For my second date with my husband we met in NYC and went to a party and ended up at a McDonald’s at 3:00 AM where he reached across the table, grabbed my hands, looked at me adoringly, and said “I hate this. I wanted to go to bed at 9:00. Do not expect this of me again.”
“Inflation isn’t new. Just imagine jacking up the price on items because you can and their location is convenient.”
*vending machines have entered the chat*
[donating blood]
“You’re looking a little faint. Can I get you a drink?”
“No thanks, I’ve just had like 60 of those strawberry Capri Suns.”
My first act as governor?
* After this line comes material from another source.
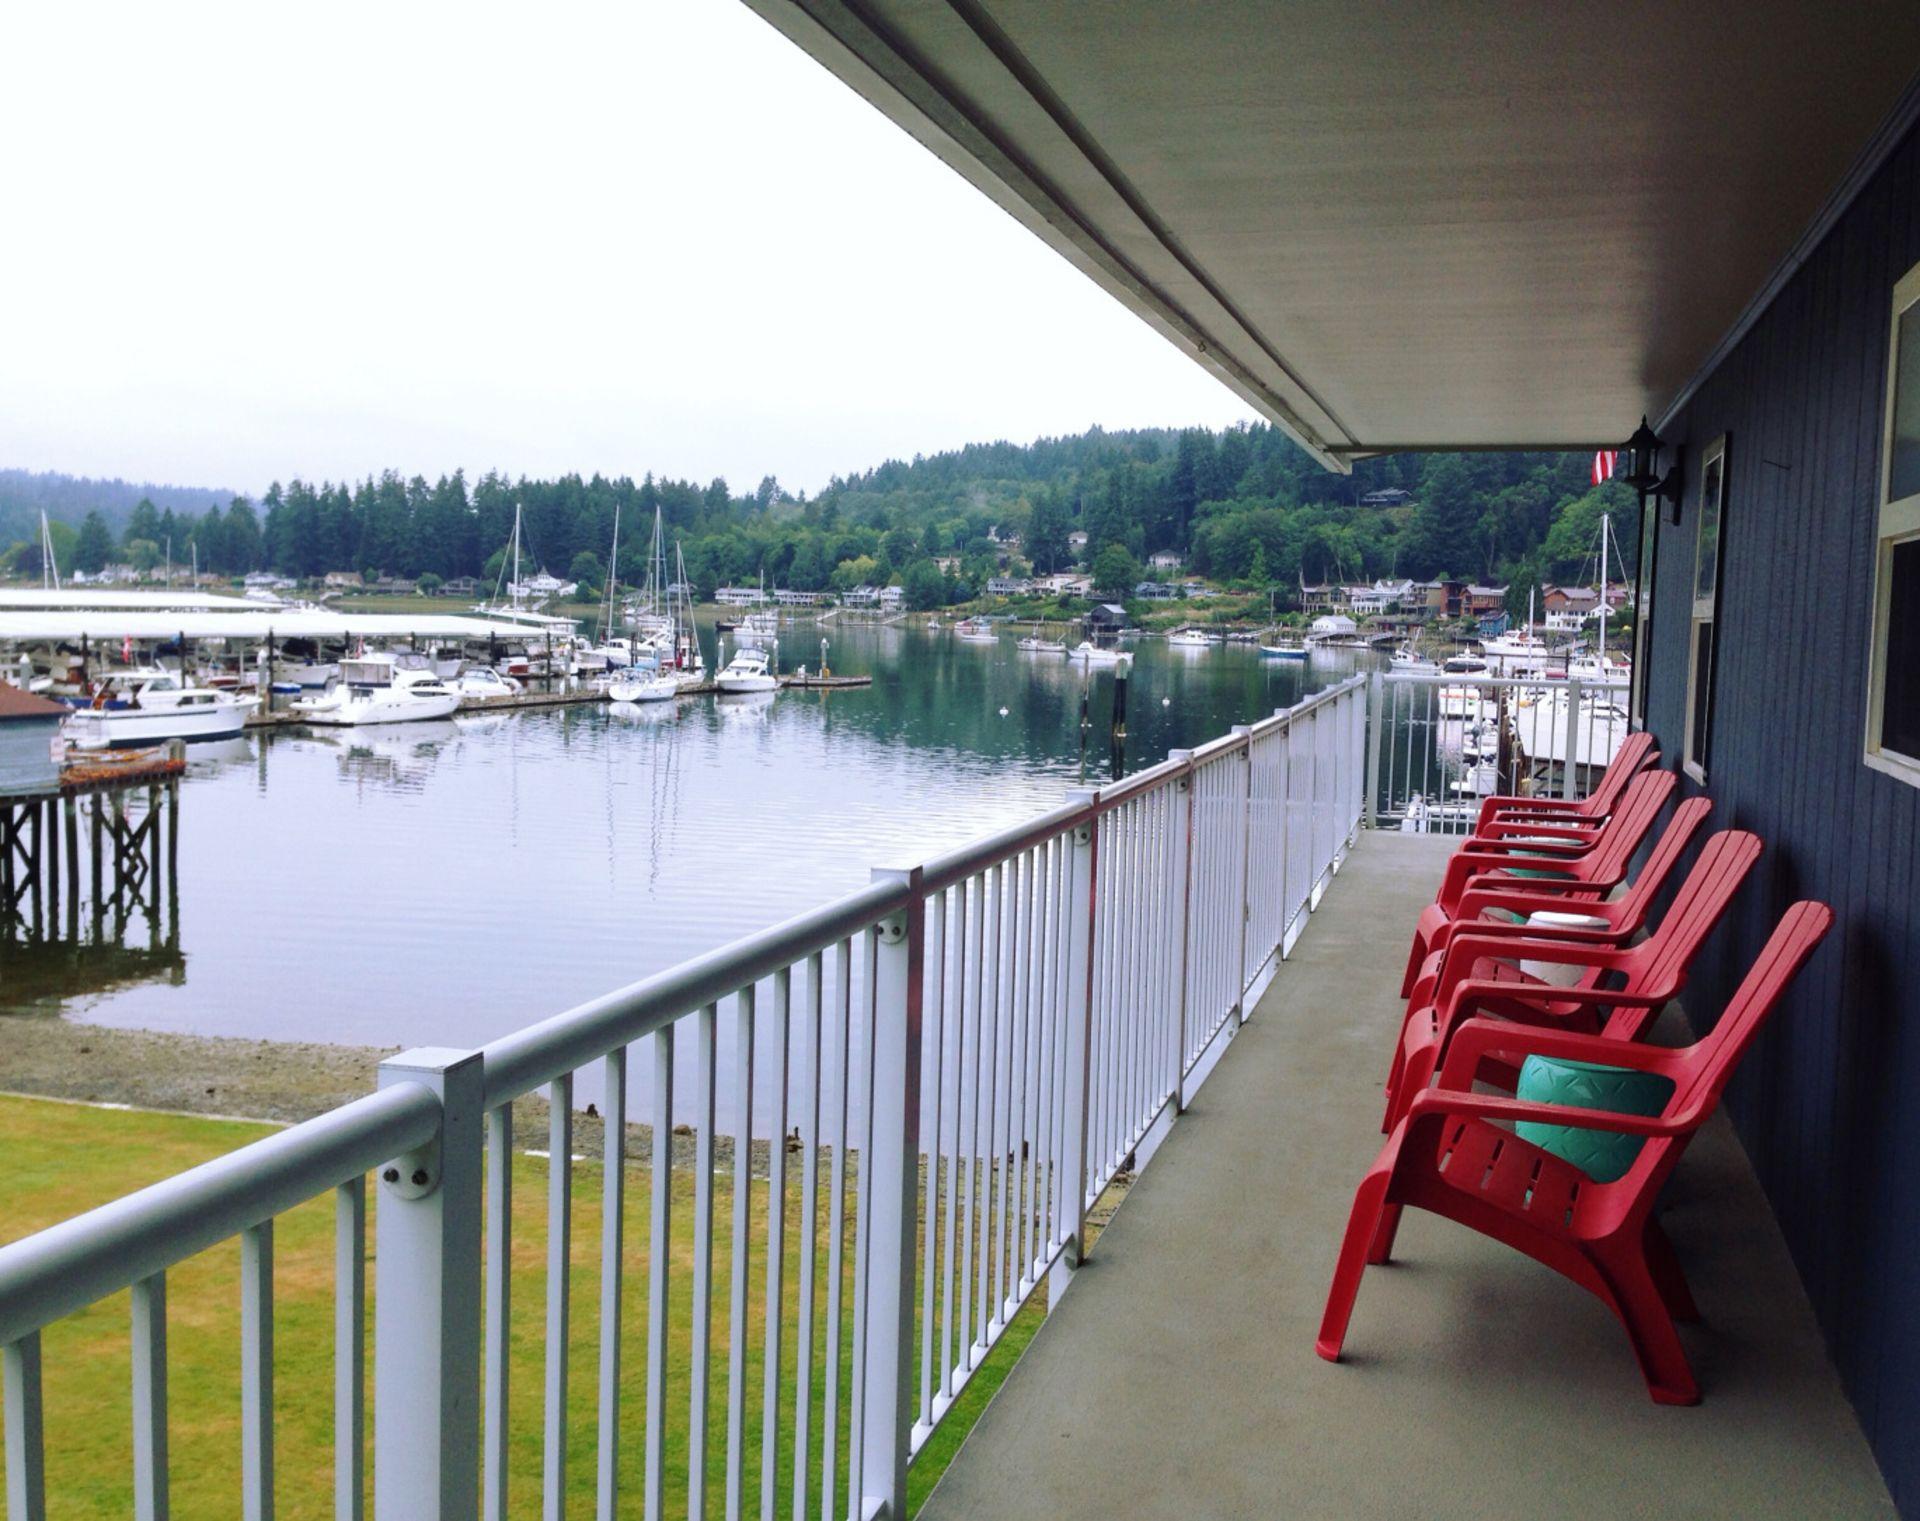 Check out the Gig Harbor Marina & Boatyard

Switching the tornado sirens out with C&C Music Factory’s Everybody Dance Now.
jingle bell.
jingle bell.
jingle bell.
rock.– looking for shells on the north pole beach
pretty cool how no matter what’s going on in the world, a teenager in a Metallica shirt will always look the same no matter what year it is.
there is no way you can prove that babies grow and are not instead replaced overnight with entirely new but slightly larger babies
Top uses for a bathroom exhaust fan:
3. Remove moisture from the air
2. Remove odor from the air
1. Cover up disgusting sounds
I hate it when my sock puppets fight. I don’t have a free hand to break them up.
My cat just dragged in a half eaten sausage, I have no idea where he got it from but it tastes expensive.
British people
Apparently it’s 7 years today since I discovered that adding googly eyes to the tap on a wine box makes it look like Shaun the Sheep.
As a parent my favourite part of the weekend is Monday.
People terrible at the sex should take notes from dentists & give out goody bags. It’s like yeah that was all uncomfortable but here’s some goodies so you’ll hit me up again.
We buried my grandmother, yesterday.
She wasn’t very happy about it, but it was time.
Paranormal Activity, but the demon that drags us out of bed is called “work”
According to the Chinese zodiac, it’s the year of the dog, or “who’s a good year?!”
All I’m saying is nothing feels better than using a decorative towel.